Let f(x)=x^2004+2x^2003+3x^2002+...+2005. Let z=cis(pi/1003). Find f(z)f(z^2)f(z^3)f(z^4)...f(z^2005).

[From: ] [author: ] [Date: 12-06-26] [Hit: ]
..f(z^2005).AIME question-f(x) = x^2004 + 2x^2003 + 3x^2002 + .........
Let f(x)=x^2004+2x^2003+3x^2002+...+2005. Let z=cis(pi/1003). Find f(z)f(z^2)f(z^3)f(z^4)...f(z^2005).

AIME question

-
f(x) = x^2004 + 2x^2003 + 3x^2002 + ... + 2005
.....= Σ(n = 0 to 2004) (n+1) x^n
.....= (d/dx) Σ(n = 0 to 2004) x^(n+1)
.....= (d/dx) x(x^2005 - 1)/(x - 1)
.....= [(2006 x^2005 - 1) (x - 1) - (x^2006 - x)] / (x - 1)^2
.....= (2005 x^2006 - 2006 x^2005 + 1) / (x - 1)^2

Letting x = z^k for any k yields
f(z^k) = (2005 (z^k)^2006 - 2006 (z^k)^2005 + 1) / (z^k - 1)^2
........= (2005 * 1 - 2006 (z^k)^(-1) + 1) / (z^k - 1)^2, since z^2006 = 1.
........= (2006 - 2006 z^(-k)) / (z^k - 1)^2
........= 2006 z^(-k) (z^k - 1) / (z^k - 1)^2
........= 2006 z^(-k) / (z^k - 1).

Hence, f(z) f(z^2) ... f(z^2005)
= Π(k = 1 to 2005) f(z^k)
= Π(k = 1 to 2005) 2006 [z^(-k) / (z^k - 1)]
= 2006^2005 * Π(k = 1 to 2005) z^(-k) / [Π(k = 1 to 2005) (z^k - 1)]
= 2006^2005 * z^(-(1 + 2 + ... + 2005)) / [Π(k = 1 to 2005) (z^k - 1)]

However,
Π(k = 1 to 2005) z^(-k)
= z^(-(1 + 2 + ... + 2005))
= z^(-2005 * 2006/2)
= (z^(-2005))^1003
= z^1003
= -1, since z is a primitive 2006th root of unity and 2006 is even.

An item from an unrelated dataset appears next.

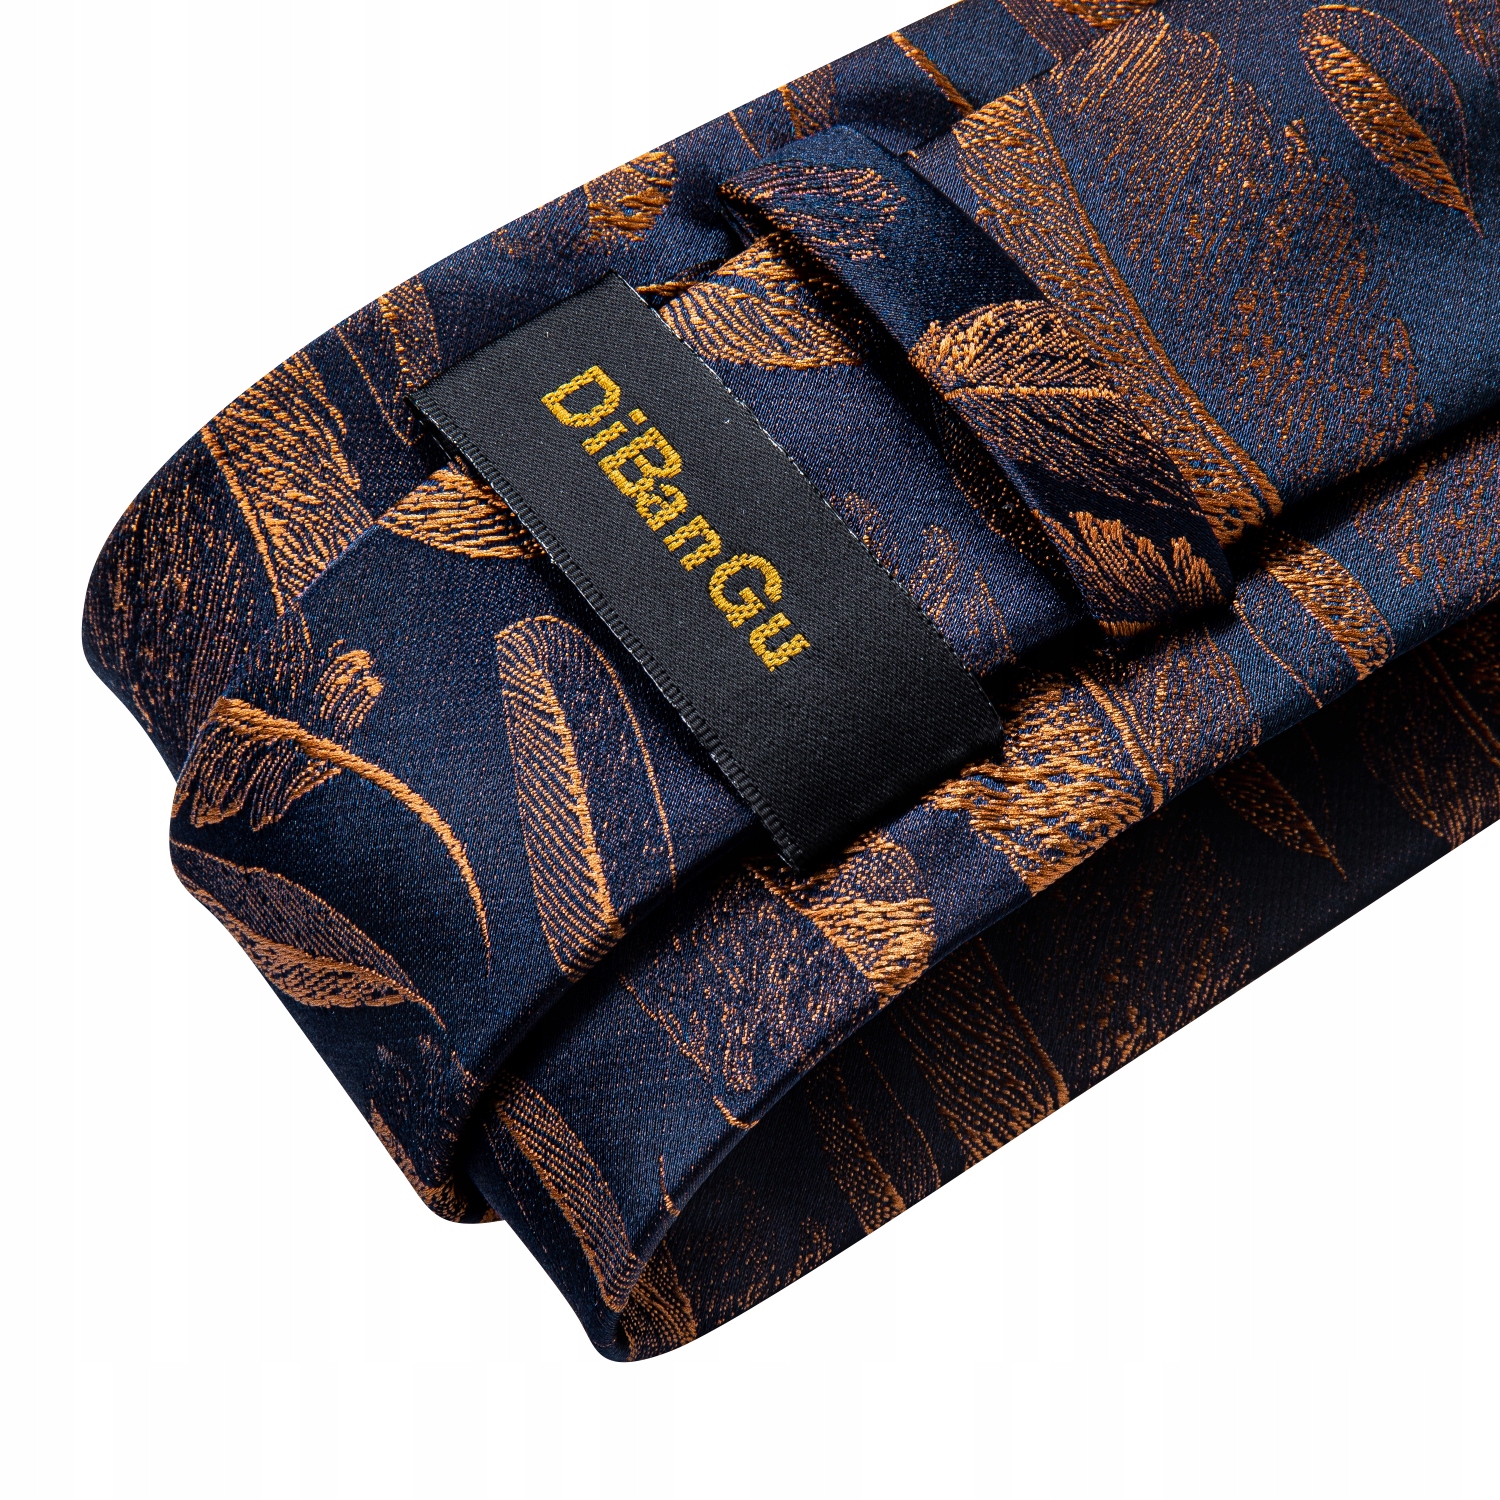 Шелковый жаккардовый галстук запонки нагрудный платок набор вес продукта с единичной упаковкой 0,8 кг

Π(k = 1 to 2005) (z^k - 1)
= Π(k = 1 to 2005) -(1 - z^k)
= (-1)^2005 * Π(k = 1 to 2005) (1 - z^k)
= -1 * 2006, since Π(k = 1 to n-1) (1 - cis(2πk/n)) = n
= -2006.

Therefore, f(z) f(z^2) ... f(z^2005)
= 2006^2005 * z^(-(1 + 2 + ... + 2005)) / [Π(k = 1 to 2005) (z^k - 1)]
= 2006^2005 * -1 / (-2006)
= 2006^2004.

I hope this helps!
1
keywords: cis,Let,2004,pi,2002,2005.,2005,Find,1003,2003,Let f(x)=x^2004+2x^2003+3x^2002+...+2005. Let z=cis(pi/1003). Find f(z)f(z^2)f(z^3)f(z^4)...f(z^2005).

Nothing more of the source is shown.